* **Requirement**: Return only the lines of the listing below that run from the line with "A Pair Of Louis" through the line with "Each baluster-form vase", both ends included, exactly as written.

* **Dataset extract**:
==========
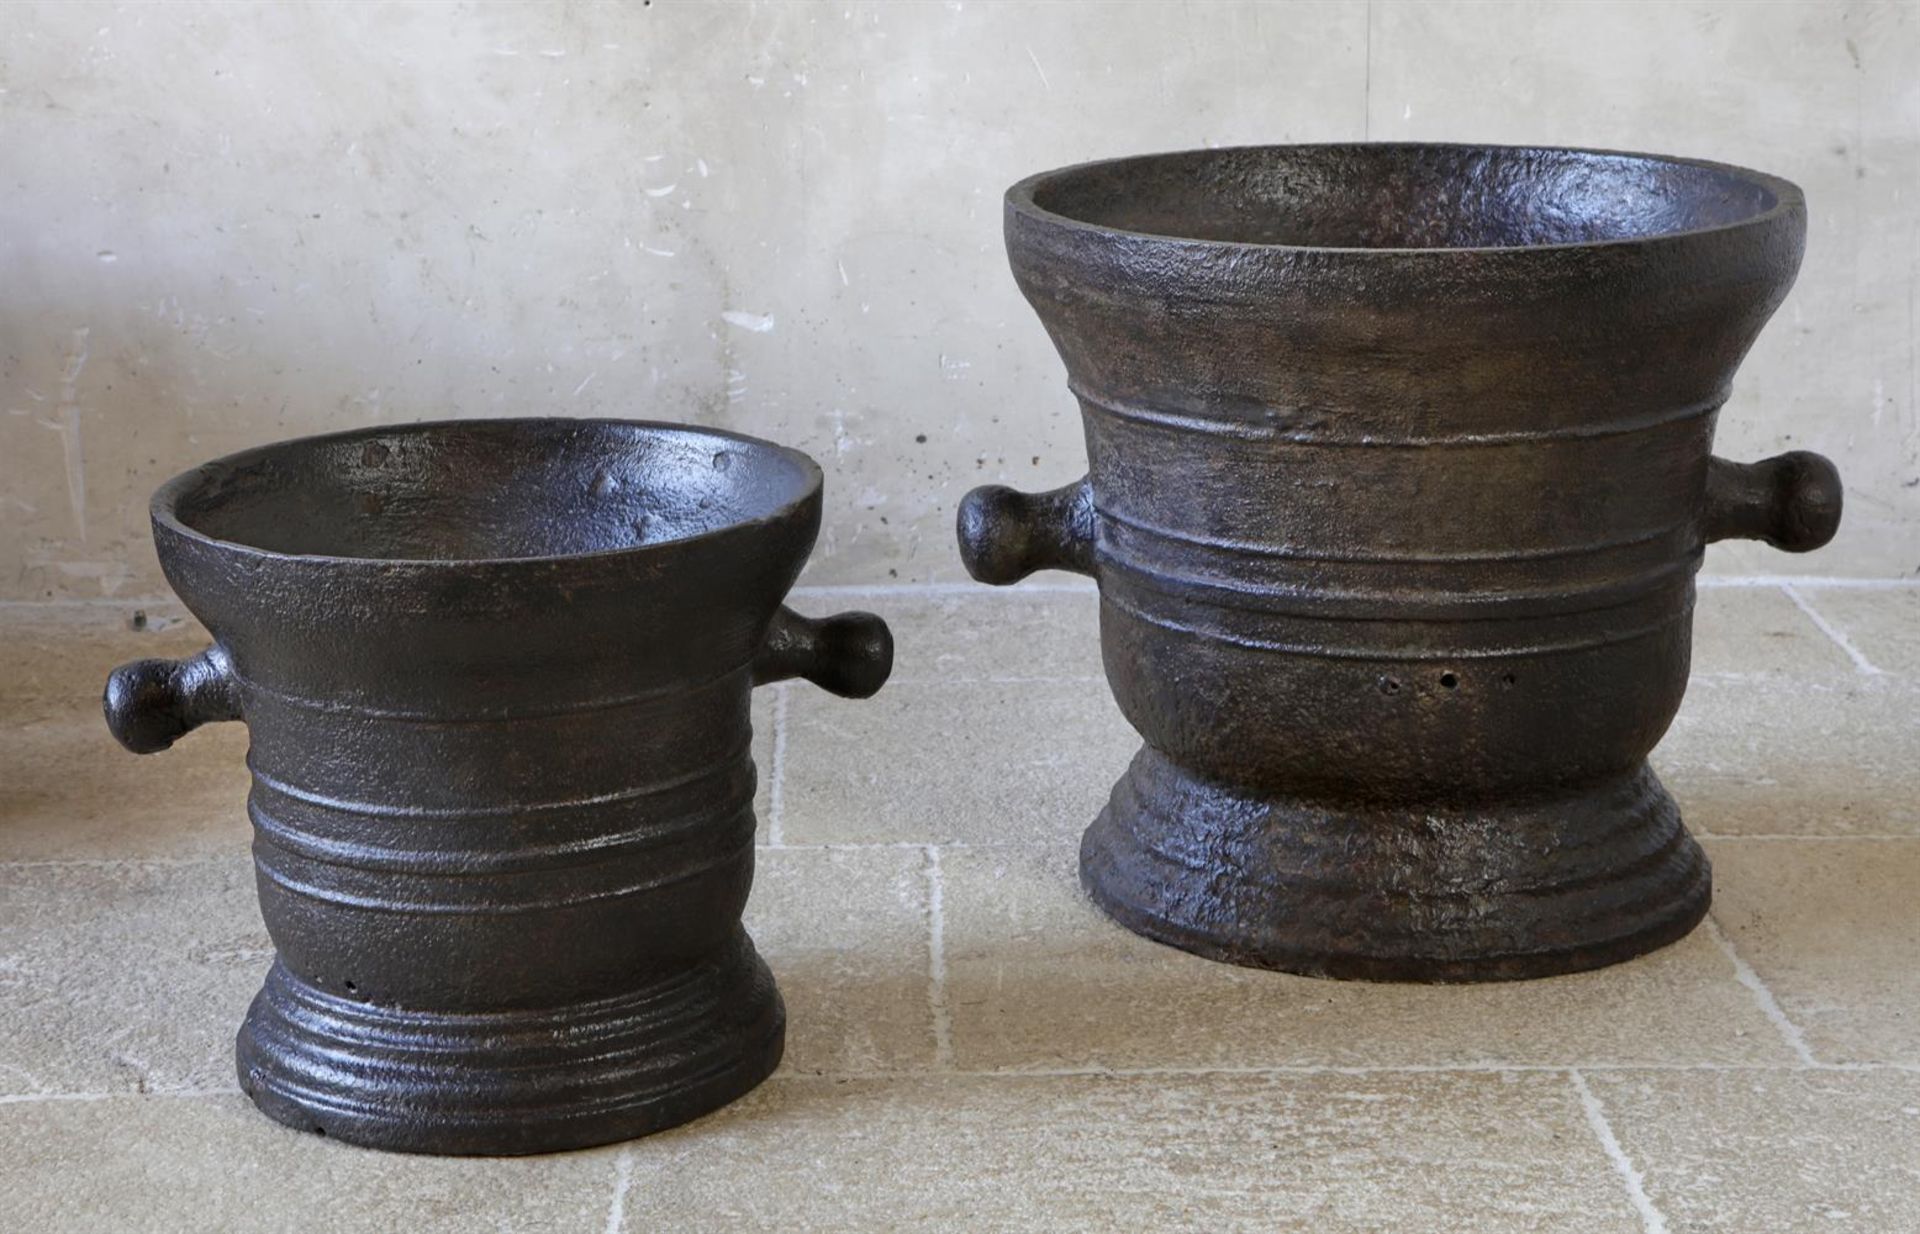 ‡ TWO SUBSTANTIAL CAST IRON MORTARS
==========
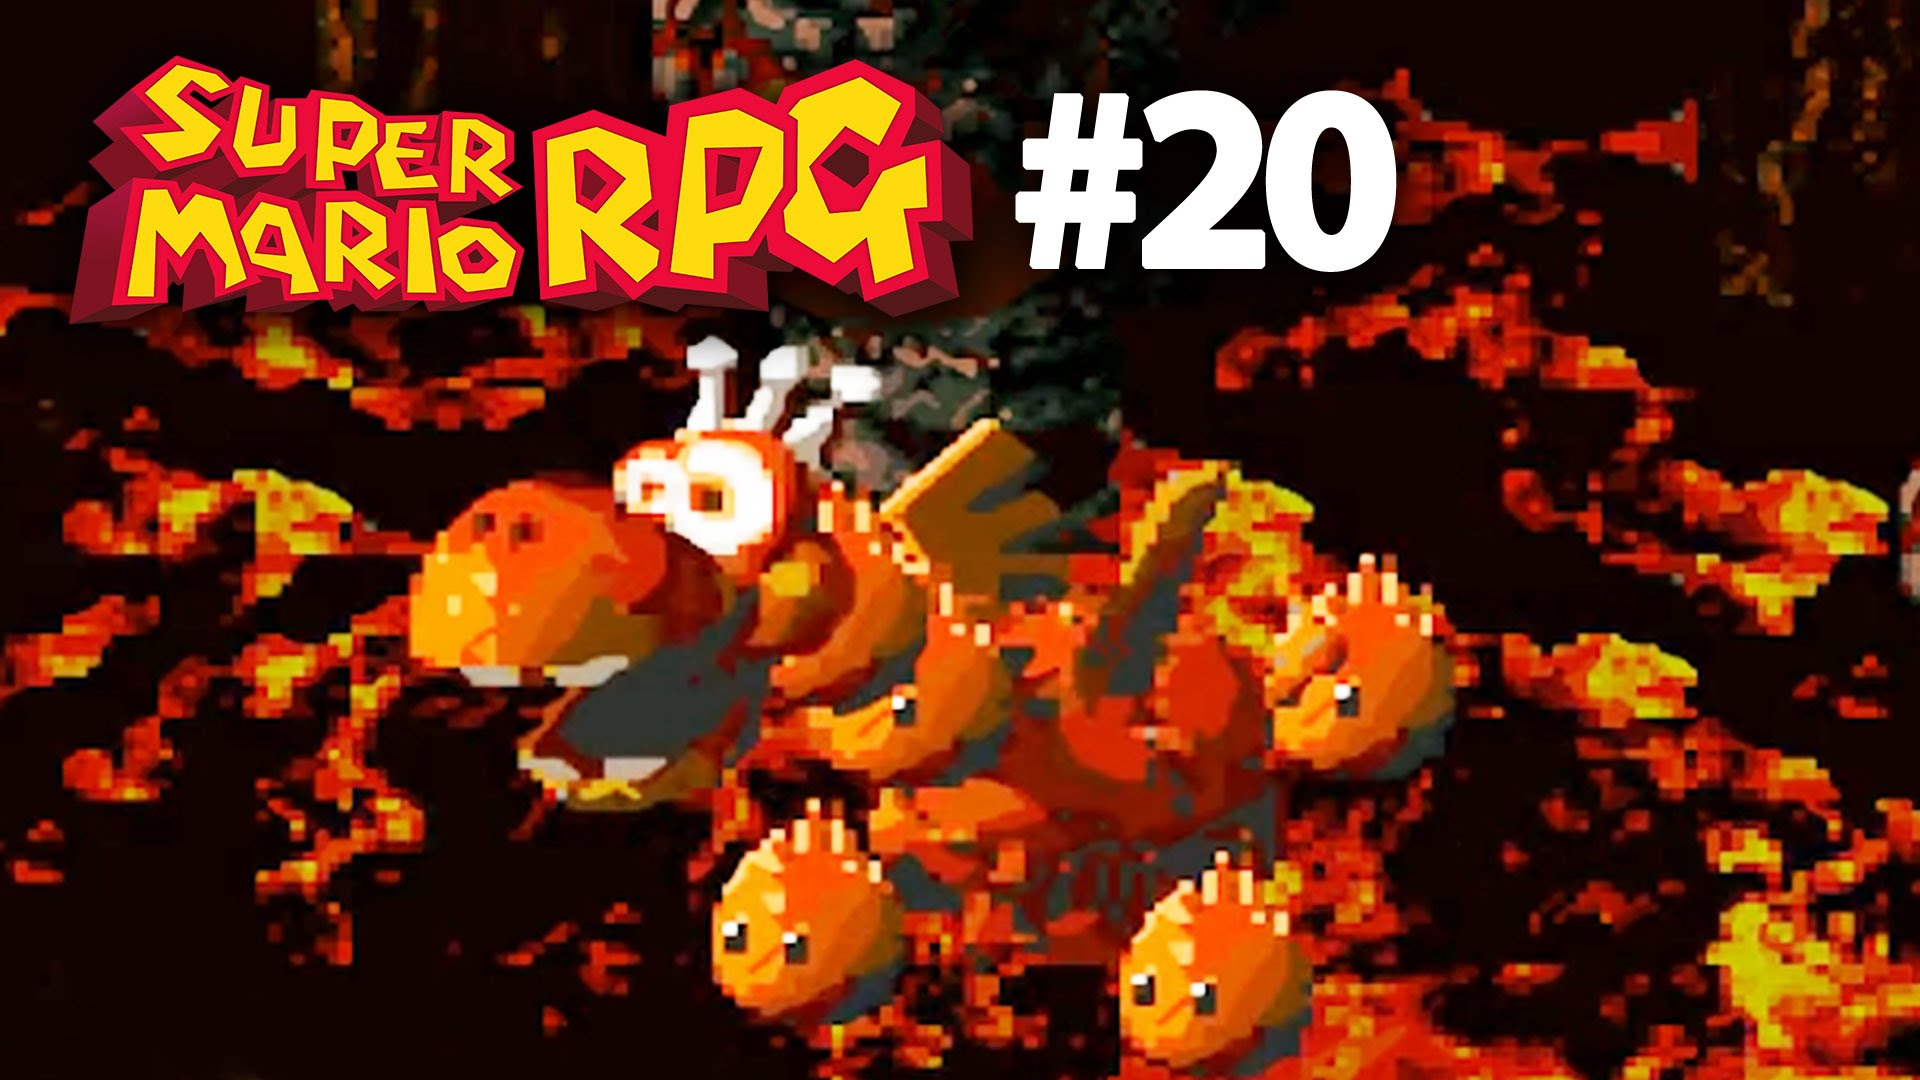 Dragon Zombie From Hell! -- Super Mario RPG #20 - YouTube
==========
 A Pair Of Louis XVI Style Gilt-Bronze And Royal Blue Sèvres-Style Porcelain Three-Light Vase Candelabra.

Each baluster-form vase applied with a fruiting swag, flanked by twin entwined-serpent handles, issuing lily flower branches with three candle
==========
* **Output of the task**:
 A Pair Of Louis XVI Style Gilt-Bronze And Royal Blue Sèvres-Style Porcelain Three-Light Vase Candelabra.

Each baluster-form vase applied with a fruiting swag, flanked by twin entwined-serpent handles, issuing lily flower branches with three candle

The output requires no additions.